Improving People’s lives through Cooperative Societies

p11Rajgopal Deora
Secretary, Department of Cooperation,
Government of Maharashtra

What is the importance of Cooperation department in Maharashtra?
The truth is that half of the population of Maharashtra is directly or indirectly involved with the cooperative movements. So for Maharashtra it is important to ensure that the efficiency of the cooperation department is very high. Whatever development you see in the rural Maharashtra can be linked to the cooperative society movements, either in the form of sugar factory, dairy or any other area.

What role is the Department of Cooperation playing in regulating cooperative society movements?
You must be aware that the registration of the Society is done by government cooperative department.
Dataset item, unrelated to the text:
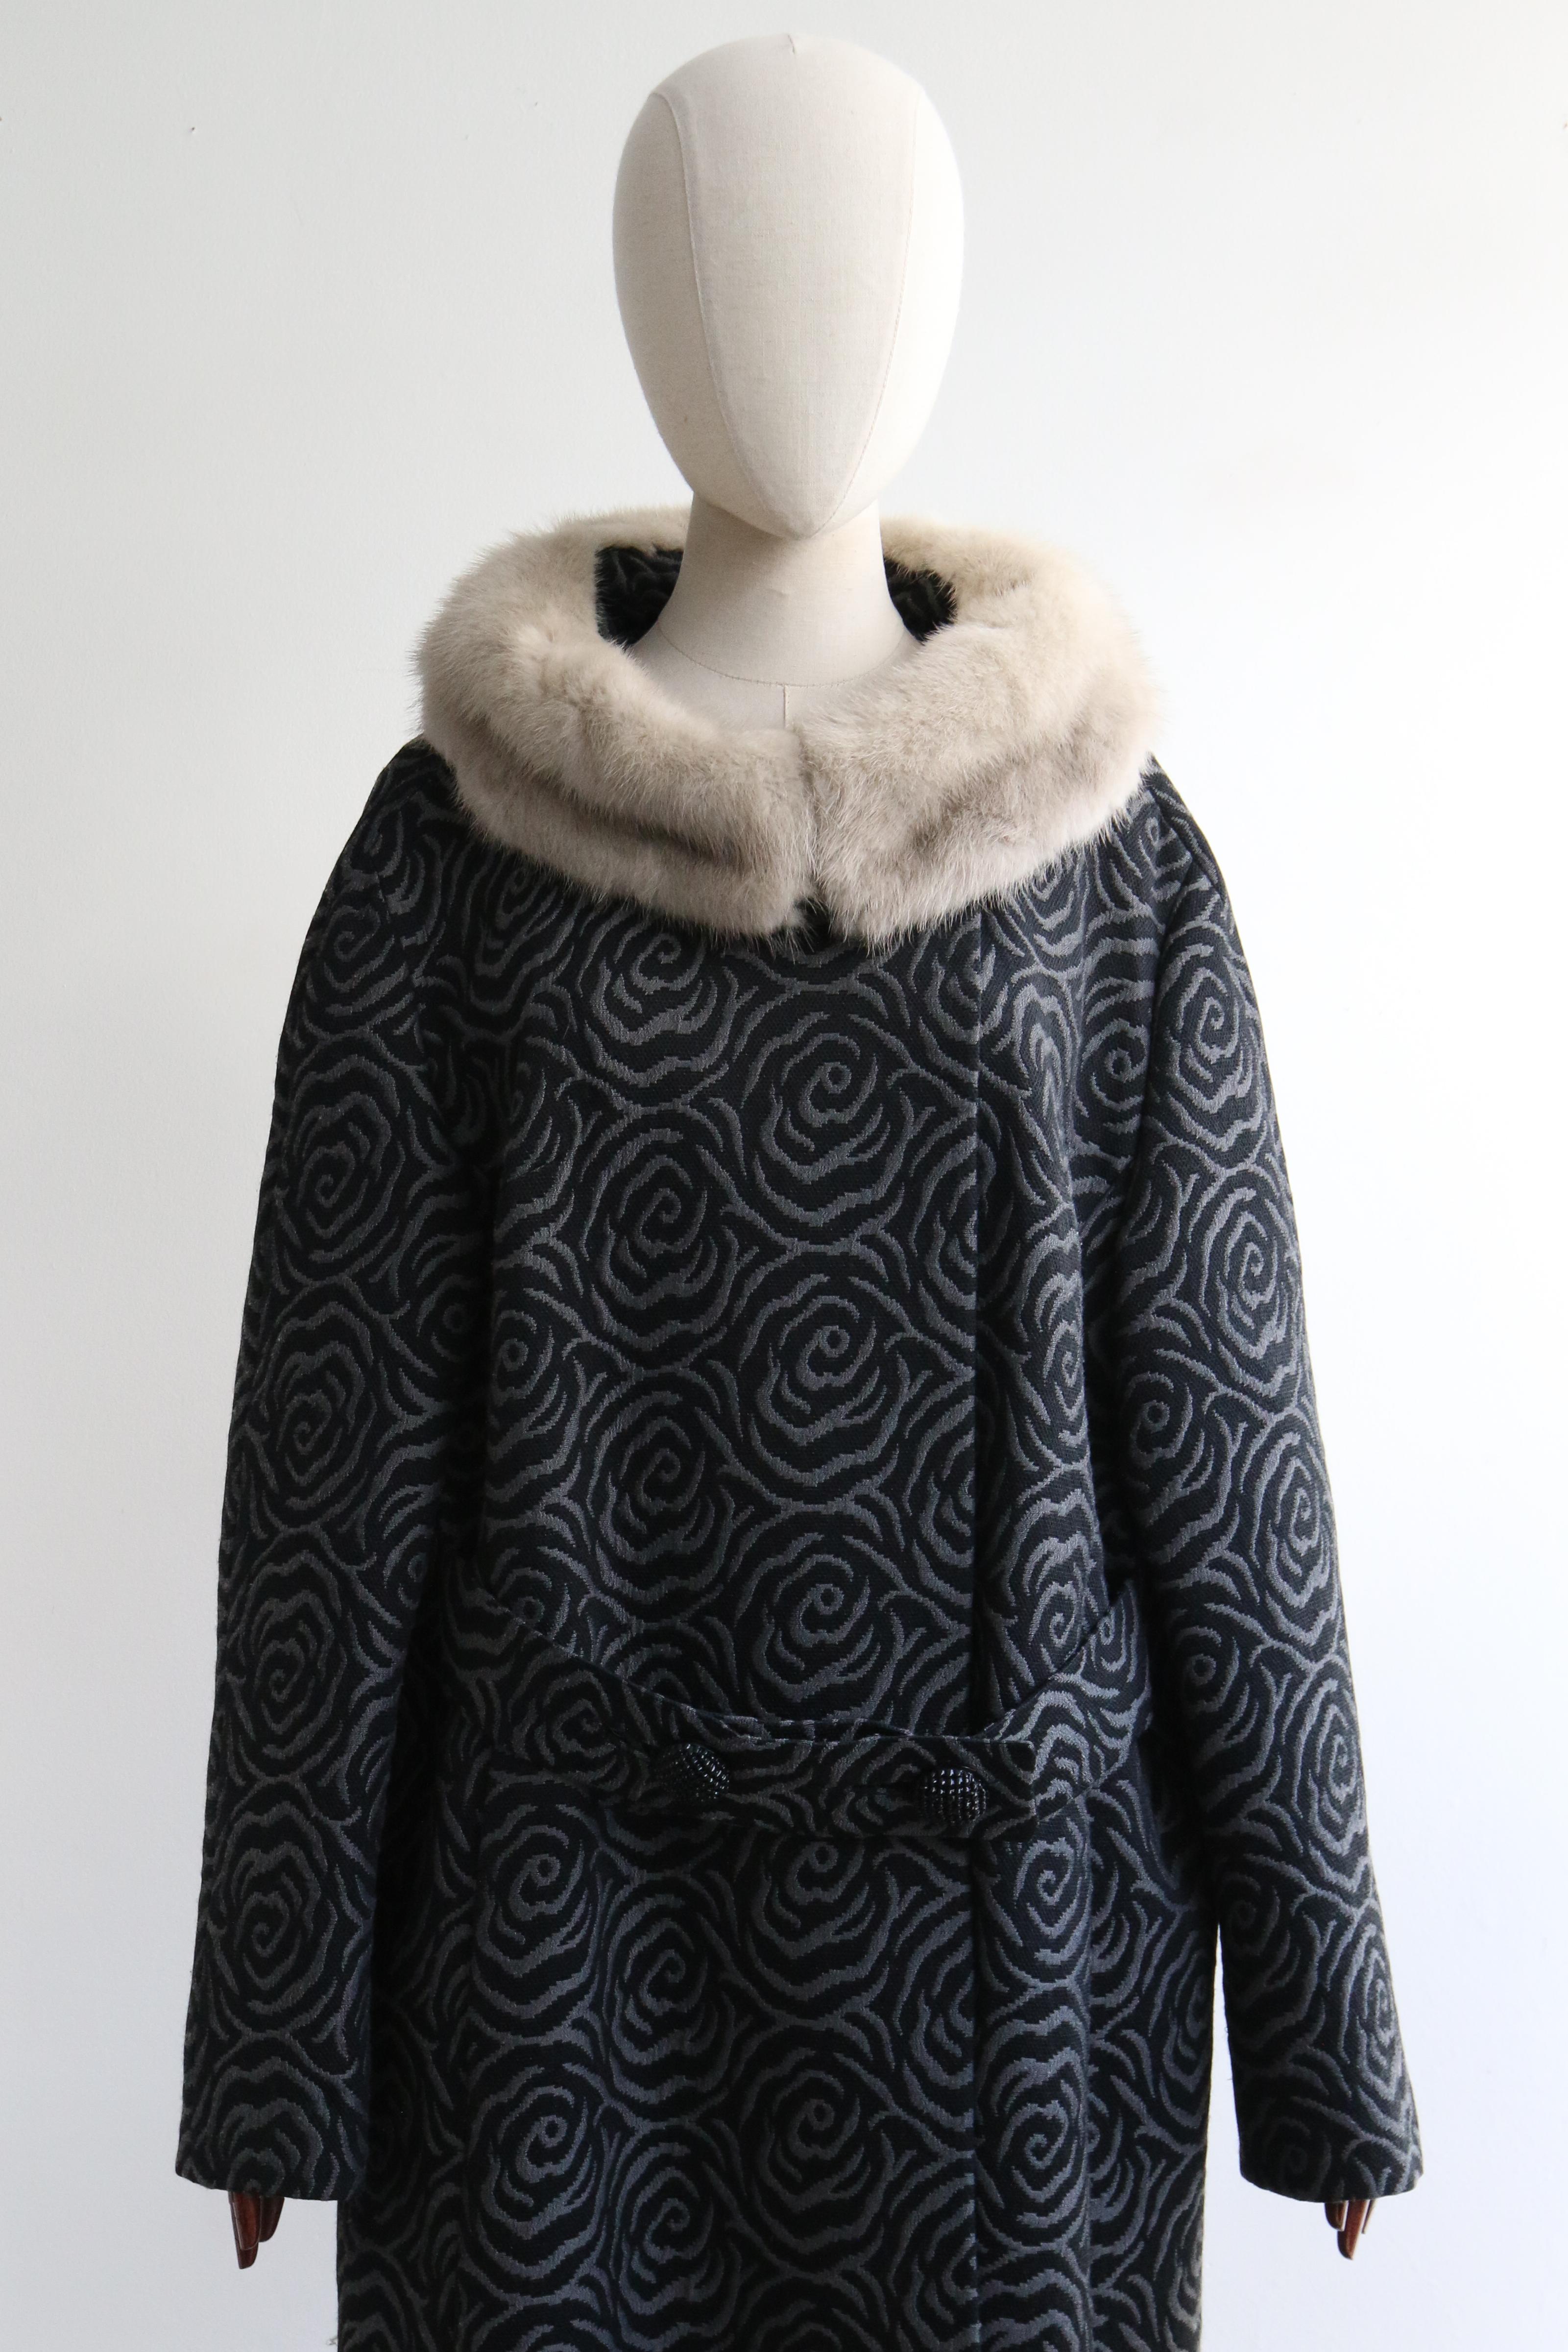 This wonderful 1950's coat, in a grey and black brocade pattern of swirling roses, accented by a silver mink collar is the perfect addition to your seasonal wardrobe.  

The neckline of the coat is framed by a wide grey toned mink full collar that

The situation is same as what we have in Company Act, where the companies get registered. In case of cooperatives, we have the Cooperative registrar to serve the purpose of registration. Apart from that we have day to day regulation, supervision of the cooperative society. Earlier some 10 -15 years back, monitoring, supervision and regulation of society was really high, but now with the extensive expansion of cooperative society the regulation has actually come down. This happened for various reasons. Large numbers of societies have expanded all over the Maharashtra, there is significant diversification in the activities and as the number of officers with the department is limited, we are unable to regulate properly. Now with economic liberalisation, all the sectors, including the co-operative sector, are being liberalised.

Recently the cooperation act was been amended for the first time since 1965, so what are the highlights of the amended act?
The amendment is in line with the 97th constitution (amendment) Act, which identifies formation of the society as a fundamental right. The new bill envisages transparency and professionalism in the functioning of cooperative societies. It also aims to bring in democratic control in cooperative societies in the state. The amendment proposes to cap the maximum number of members of the committee of a cooperative society at 21, of which, along with other reserved seats, two would be reserved for women. The term of office of an elected member of the committee and its office-bearers would be five years from the date of their election. As per the new set of rules co-operative societies will have upper cap on the strength of the committee members. The changes in the rules make t mandatory for the cooperative societies to set up an in-house grievance redressal forum to resolve the issues of the sector.

What challenges is your department facing in handling vast area in Maharashtra?
The cooperative movement in the county is so vast that it covers the entire life of the individual. Even in area of residential issues, we ave the housing society, in case of manufacturing, we have a dedicated society. So there are societies for all aspects of a person’s life. We have cooperative departmental store, dairy milk, sugar industry and other areas. The cooperatives are really very expansive space. During the last few decades the cooperative space has undergone monumental expansion. Now that forming of cooperative societies in Maharashtra has become a fundamental right, there will be more challenges in regulation of cooperatives. I mean we have to come up with a proper system or controlling and supervising the many new cooperatives that are bound to come up. This is a major challenge for us. To ensure that there is efficient implementation of the new cooperative act we need to deploy the best solutions from IT. Only solutions from IT can enable us to control and regulate the cooperative movements, which involves almost half of the state’s population.

What kind of solutions from IT are you looking for?
In fact we are now associating with organisations like KPMG and others to develop new applications. One master application is currently underdevelopment, and probably in the next two – three months it will be ready for implementation. In the  department itself there has been a huge expansion in the deployment of IT initiatives. People are now  using computers extensively for accessing emails. With e-Office being there, we are now able to conduct the department’s work through e-files, which are more efficient.

What is your feedback about e-Office ?In what ways is it improving governance in the state? 
In the department we are actively using e-Office. This leads to much needed efficiency and transparency. The people working in the
department are getting secure email ID and digital signatures to handle e-files. We have by now processed a significant number of e-files. However, as with any new system, we are facing quite a few challenges in effective implementation of e-Office. There are issues related to network, compatibility, hardware support and software. The availability of trained manpower is also an issue. We have regular meetings with the officials from NIC; they are providing us new solutions to take care of the problems that are coming up. In another one year, we could have a system where officials working on small palmtops which will be able to process files. In fact,
we already have a vibrant video conferencing facility at the department. This facility is proving to be very useful, as it enables us to conduct conferences with field level officers in a timely and seamless manner.